INFORMATION =

------------------------------

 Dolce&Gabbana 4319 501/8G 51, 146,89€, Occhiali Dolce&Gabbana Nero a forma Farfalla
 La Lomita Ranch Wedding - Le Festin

------------------------------

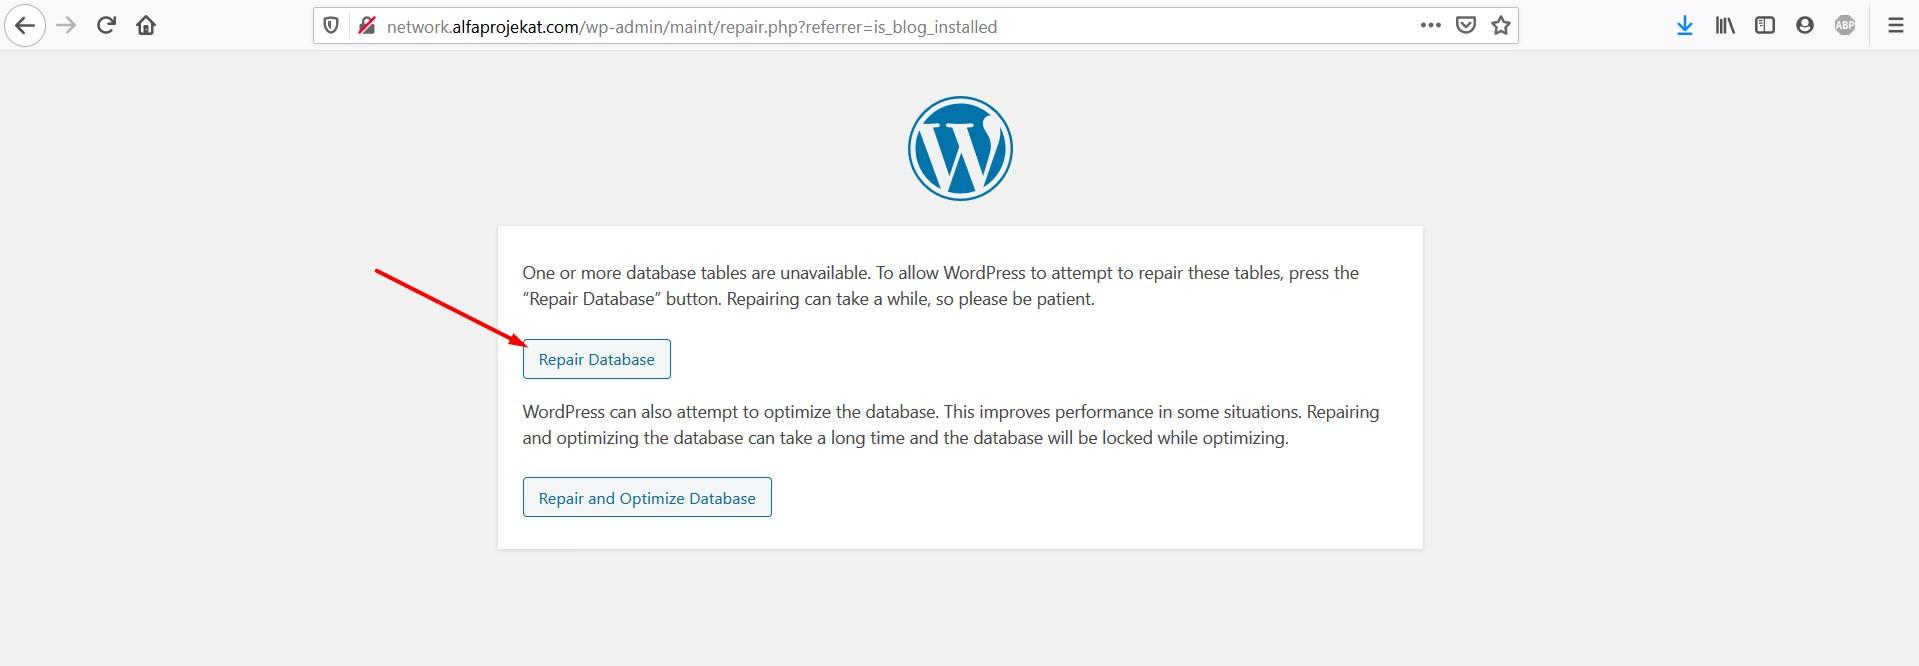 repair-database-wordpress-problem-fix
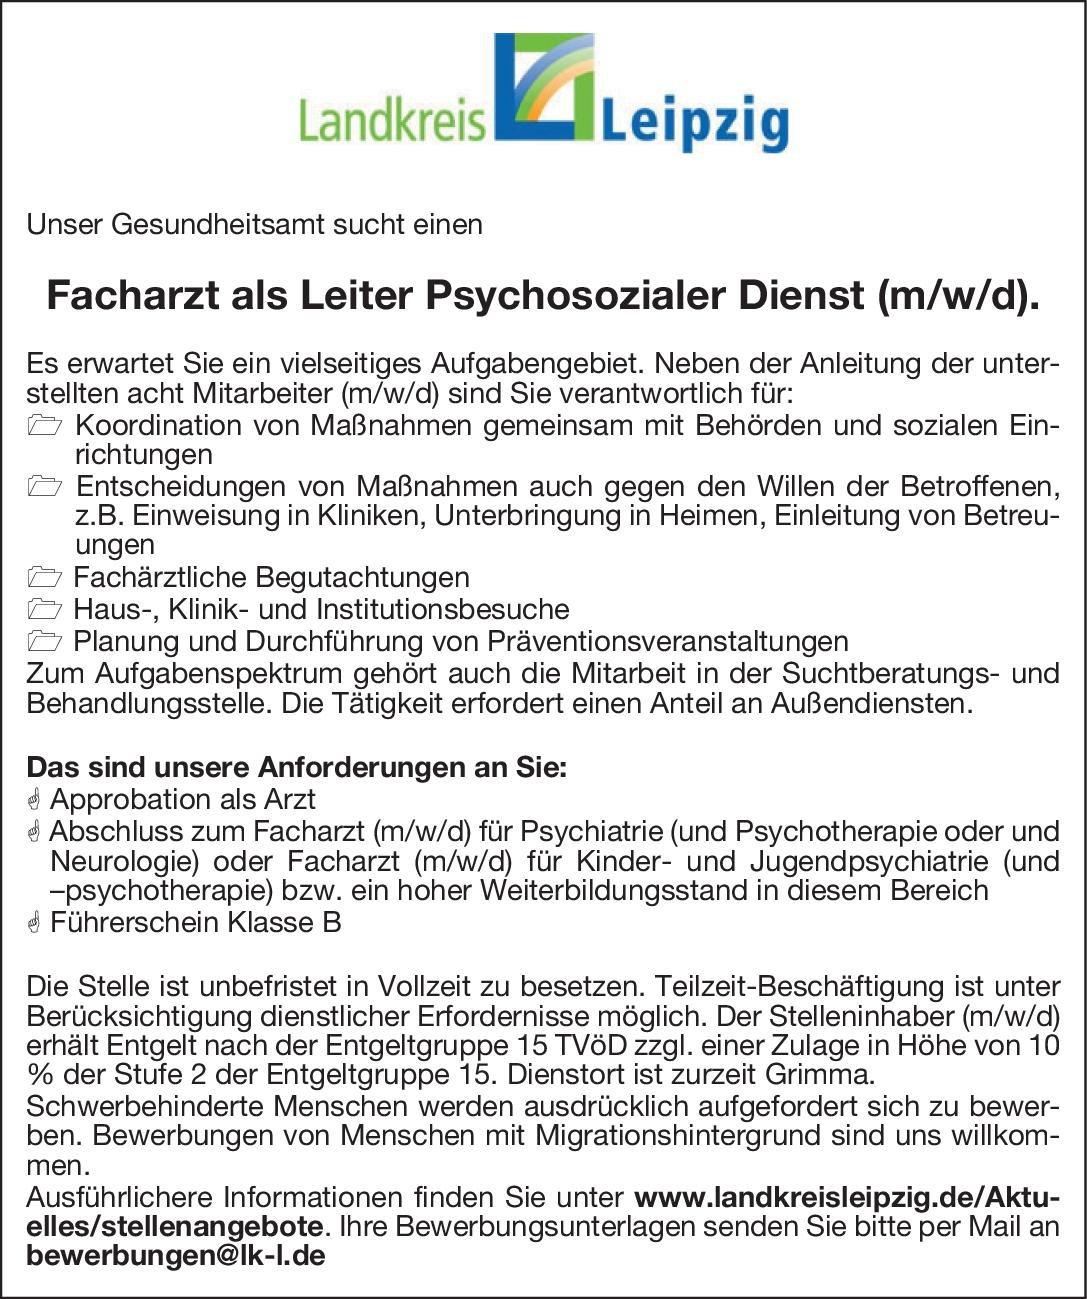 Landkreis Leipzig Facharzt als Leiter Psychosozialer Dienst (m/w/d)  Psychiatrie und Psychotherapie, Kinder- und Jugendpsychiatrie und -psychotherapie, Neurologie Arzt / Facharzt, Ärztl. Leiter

------------------------------

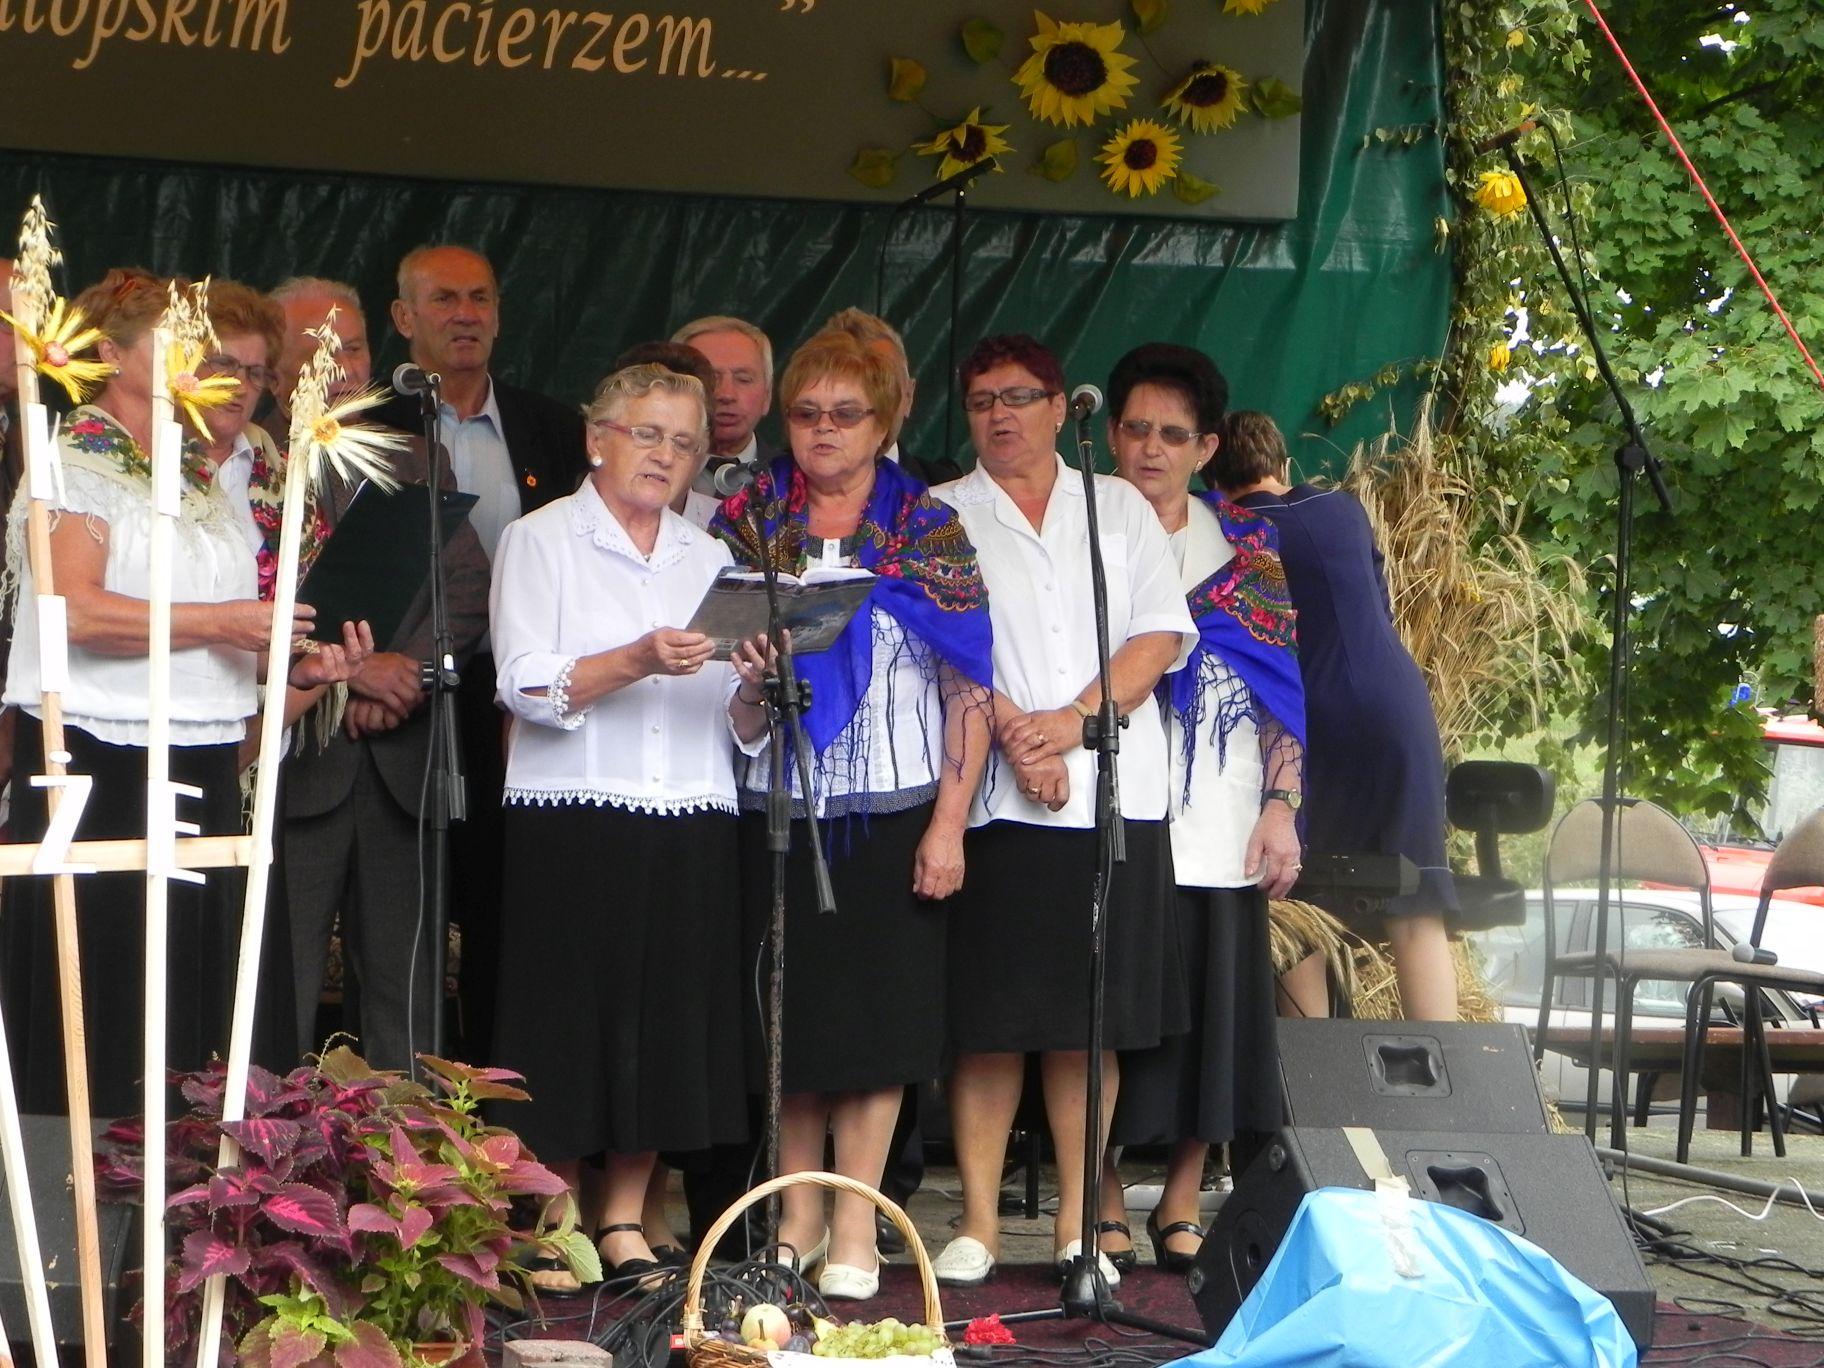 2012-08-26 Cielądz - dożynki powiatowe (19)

------------------------------

Could you set down, word for word, only the lines above from the line with "Dolce&Gabbana 4319 501/8G" to the line with "La Lomita Ranch Wedding - Le Festin", including both?

 Dolce&Gabbana 4319 501/8G 51, 146,89€, Occhiali Dolce&Gabbana Nero a forma Farfalla
 La Lomita Ranch Wedding - Le Festin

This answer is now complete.